Première incursion de la collection « La 3e scène » dans les salles. Soixante-quinze minutes de déambulation, au gré des sons et vibrations humaines, sous l’œil de quatre metteurs en scène. Un programme estival bienvenu.
Cinq ans déjà que l’Opéra de Paris offre des courts-métrages originaux et filmés par des artistes de tous horizons, dans le cadre de son espace en ligne, la 3e scène. Une proposition de création alternative et complémentaire aux spectacles vivants des Opéras Garnier et Bastille. Plus de soixante œuvres ont déjà vu le jour. Une première arrive avec ce programme de quatre films pensés et réunis pour une sortie en salle. Une femme et trois hommes. Une metteuse en scène de théâtre et trois cinéastes. Deux nés dans les années 1960, un dans les années 1970, et une à l’orée des années 1980. Le fil rouge de la séance est la voix féminine. Voix chantée qui inspire les récits divers et cristallise l’attention durant des minutes suspendues.
Au final, un passionnant travail de recherche et de confrontation entre documentaire et fiction. Montage d’images d’archives chez Sergei Loznitsa, enquête et jeu avec le réel chez Karim Moussaoui, mise en parallèle alterné entre représentation opératique et suivi médical chez Julie Deliquet, et road movie révélateur chez Jafar Panahi. Une mosaïque donc, ouverte aux vents d’ailleurs, et qui offre des miroirs donnant à réfléchir sur l’accès au chant et au spectacle. L’opéra en tant que lieu de culte artistique se révèle. Tour à tour, il est l’épicentre de la représentation du pouvoir et du glamour, digne du Festival de Cannes, mais aussi l’impossibilité même de son existence dans d’autres systèmes culturels et politiques, débouchant sur un équivalent officieux, tout comme le reflet de réalités triviales touchant aussi les interprètes de cet art.

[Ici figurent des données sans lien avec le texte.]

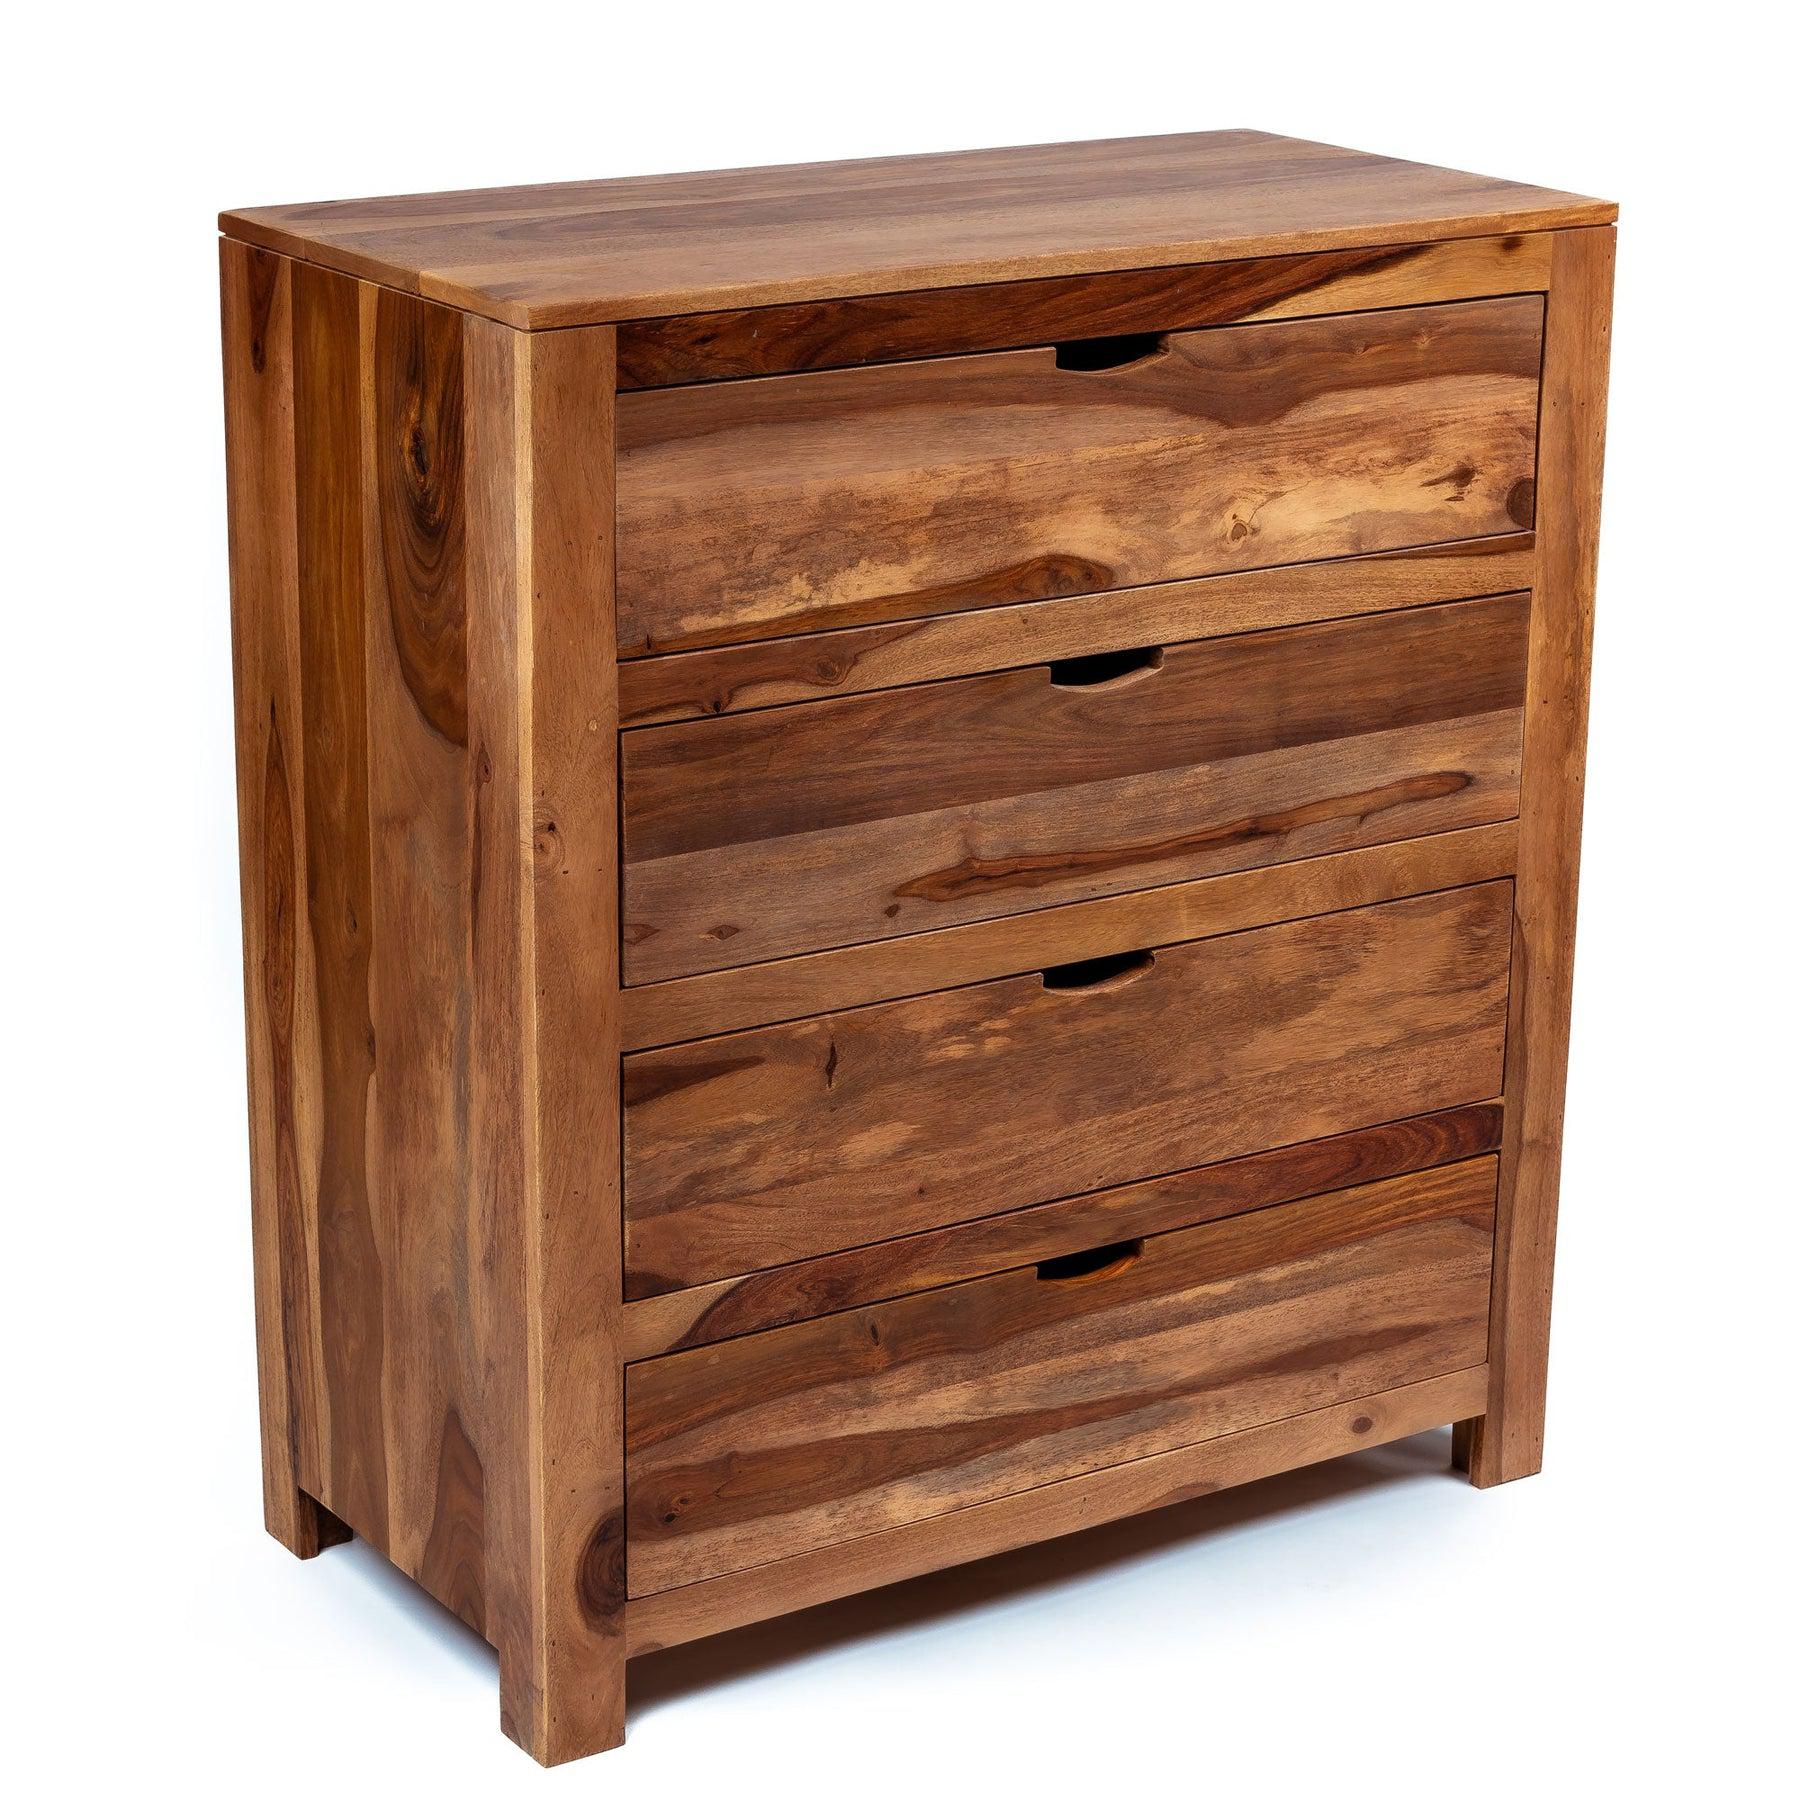 Zen Dresser | Solid wood Closet Storage With 4 Drawers for Living Room, Hallway, bedroom, Nursery | 84x43x94 cm

Au plaisir de la découverte des trésors visuels, où le Who’s Who des années 1950-1960 défile sur les marches du Palais Garnier, dans un montage savoureux de Loznitsa, suit la saisissante irruption des vibratos, quel que soit le décor. Maria Callas transcende L’Air de Rosine du Barbier de Séville de Rossini, des divas berbères médusent par leurs mélopées dans une grotte, tout comme la jeune fille, enfin trouvée par Panahi, sa fille et leur amie, subjugue vocalement dans sa maison au cœur de l’Iran. Les unes sont visibles, mais la dernière reste cachée, et même doublement voilée. La femme qui chante est toujours indécente là où règne l’obscurantisme. Le cinéma transgresse et rend justice, grâce à l’âme de ces gestes d’artistes. Inspirés par la commande, ils se redéploient, autrement. Si le segment proposé par Julie Deliquet paraît plus raide dans son dispositif et son exécution, il est vrai qu’elle débute dans la réalisation, contrairement à ses collègues. Son Violeta apporte un contrepoint à leurs voyages dans le temps et dans l’espace.